(CNN) Alua Arthur wasn't looking for death.
At 34, she was trying hard to stay alive. Clinical depression had forced a leave of absence from her job as a lawyer, and she was traveling on a bus in Cuba when it met her: A woman, only two years older than her, dying of uterine cancer.
The two sat and talked for the seven hours to the woman's destination, and then for seven more when she decided to skip her stop.
Their conversation was about the end of life. It was the first time, the woman told Arthur, that someone had spoken with her about her disease and the possibility of dying.
"I tried to put myself in her shoes," Arthur told CNN. "I was like, 'If depression kills me, then what would I have made of my life?'"
Her answer came after returning from the trip: She would make her life about death.
Now, nine years later, Arthur works as a death doula and founder of Going with Grace, an organization that helps ailing people and their families prepare for death.
A doula is an ancient Greek term meaning a female helper.
The term has been adopted in childbirth settings to mean a person who provides non-medical support to a woman during pregnancy and childbirth.
But another type of doula has emerged -- this time at the other end of life.
And although death doulas are not a new idea, they belong to a relatively new profession.
The International End of Life Doula Association (INELDA), a pioneering organization in the field, was founded in 2015 to certify, support and research end-of-life doulas and their fields of practice.
Henry Fersko-Weiss, co-founder of the association, told CNN there are at least 20 individuals and organizations training death doulas in the US -- and he believes the field is steadily growing.
"There are tens of thousands who have been taught doula work," he said. "The percentage of people who come to serve the dying as practicing death doulas has been increasing steadily."

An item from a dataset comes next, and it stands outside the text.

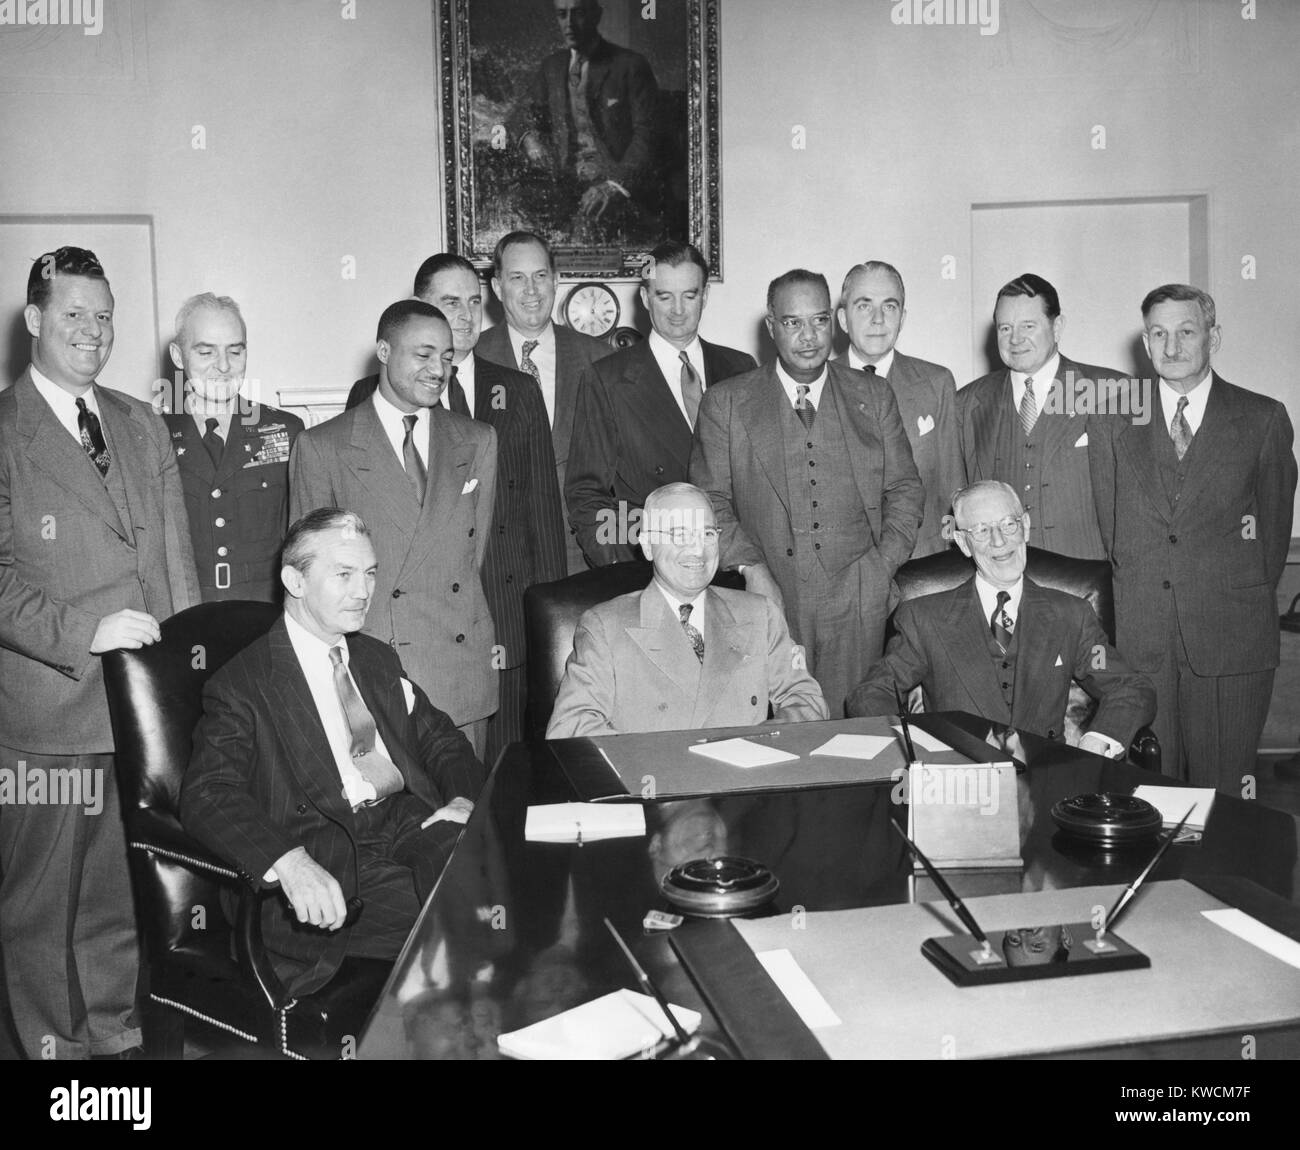 Pres. Truman desegregated the U.S. Military with Executive Order 9981, on July 26, 1948. Six months later he conferred with the Committee on Equality of Treatment and Opportunity, Jan. 12, 1949. Seated L-R: James Forrestal, Harry Truman, A.J. Donahue. Standing L-R: Thomas R. Reid; Gen. C.T. Lanhan; John H. Senzsacke; William E. Stevenson; Kenneth Royall; Stuart Symington; John L. Sullivan; Charles Fahy. - (BSLOC 2014 14 30) Stock Photo
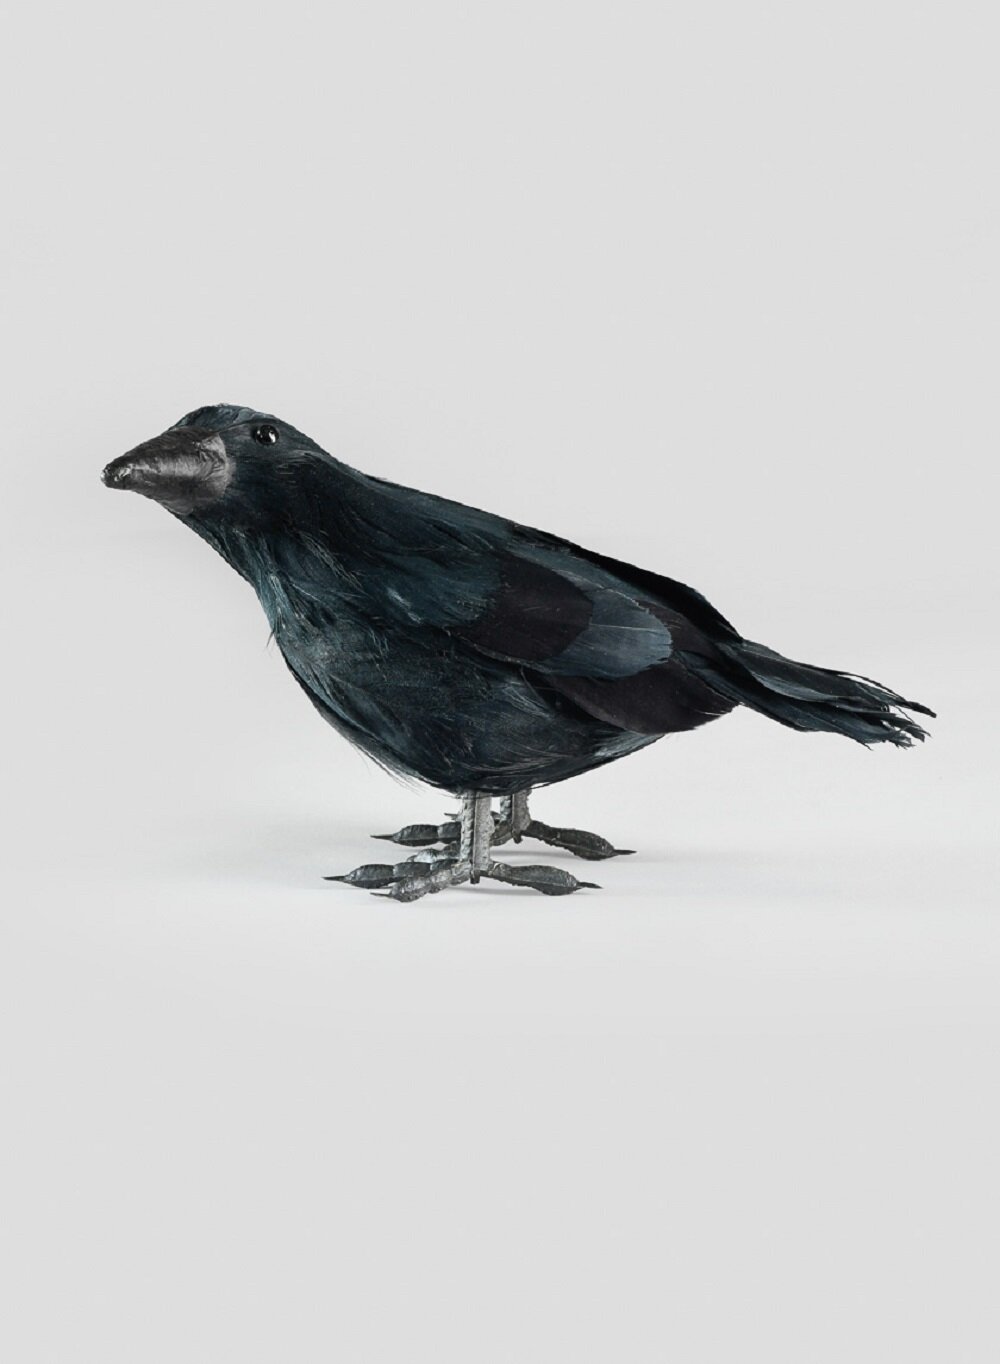 5" Black Crow One Small Bird Feathered Raven Spooky Prop Decoration Decor

A death doula's work could mean logistical planning for the before, during and after of death; conducting rituals or comforting practices; helping the dying person reflect on their life and values; and explaining the bodily functions of dying to caregivers.
But there are intangibles, too -- only understood by hearing the stories of caregivers.
When her sister was dying in 2018, Marcia Minunni told CNN that Virginia Chang, a certified end-of-life doula and founder of Till The Last doula services, was a caring, honest presence.
A presence that her sister, though known for keeping "boundaries and borders up," immediately let in to her final moments.
"Was it the softness of (Chang's) voice, or the quiet of her presence, or perhaps the willingness of her kindness?" Minunni wrote in a letter to Chang after her sister's death. "I remember that day as if it was yesterday."
Minunni said her sister's body would relax around Chang, who would read poetry to her.
She died with Rumi poems, Frank Sinatra playing over an iPad and her hand on her sister's knee.
"How comforting is that?" Minunni said, and added: "(Chang) didn't have to physically be there for that ... human voice is just as important as touch."
As Covid-19 has estranged loved ones from their family members at death, so too has it estranged death doulas from the primary field of their work: the bedside.
The pandemic has limited many doula services to remote-only interaction.
"I think it's unfortunate that we can't be bedside, because it can be very helpful to have an objective, third party ... presence during a very intense emotional time," Chang told CNN. "During Covid-19, these emotions and the intensity is only heightened because of the isolation."
But doulas are making it work.
They have to, given the demand for their services has spiked in light of Covid-19.
Arthur said her workload has quadrupled -- and for this, she's had to get creative.
Doulas at Going with Grace are using video calling to scan bodies or listen to breathing, she said. Logistically, they are creating Amazon carts to easily get families what they need after the death.
Some doulas, though, have shifted their focus to supporting caregivers.
Many people have become caregivers unexpectedly to loved ones suffering from the virus, or from illnesses that make the virus more lethal.
"We're hearing these numbers of people dead, which just sound like the most ridiculous numbers," Arthur said. "And we're forgetting that they are all somebody's mother, brother, sister, teacher ... while the numbers sound high, that means there's many more people who are grieving."
It wasn't just the pandemic. 2020 was a year of grief in more ways than one.
Last summer, when Arthur was reviewing applications for her doula training course, an answer to a question she always asks -- about the last death the applicant had witnessed -- struck her.
"George Floyd," they wrote.
"That shook me to my core," Arthur said. "It brought into really sharp focus that people watched somebody die ... the trauma, the pain, the grief ... I think a lot of what we saw afterward, the protests, were a really strong grief response."
A year of grief ultimately brought people face-to-face with mortality, Chang said, countering an American taboo around death.
"People woke up and said 'Hey, this is not the way we want to die,'" she said.
With this new social awareness, she sees opportunity even at the grief-ridden nexus of crises.
"What we're seeing is a healthcare movement occurring simultaneously with a social movement," she said. "And those have always been ... times of great change and awareness in our society."
"All people deserve to die with dignity," she said. "All people deserve to die with care."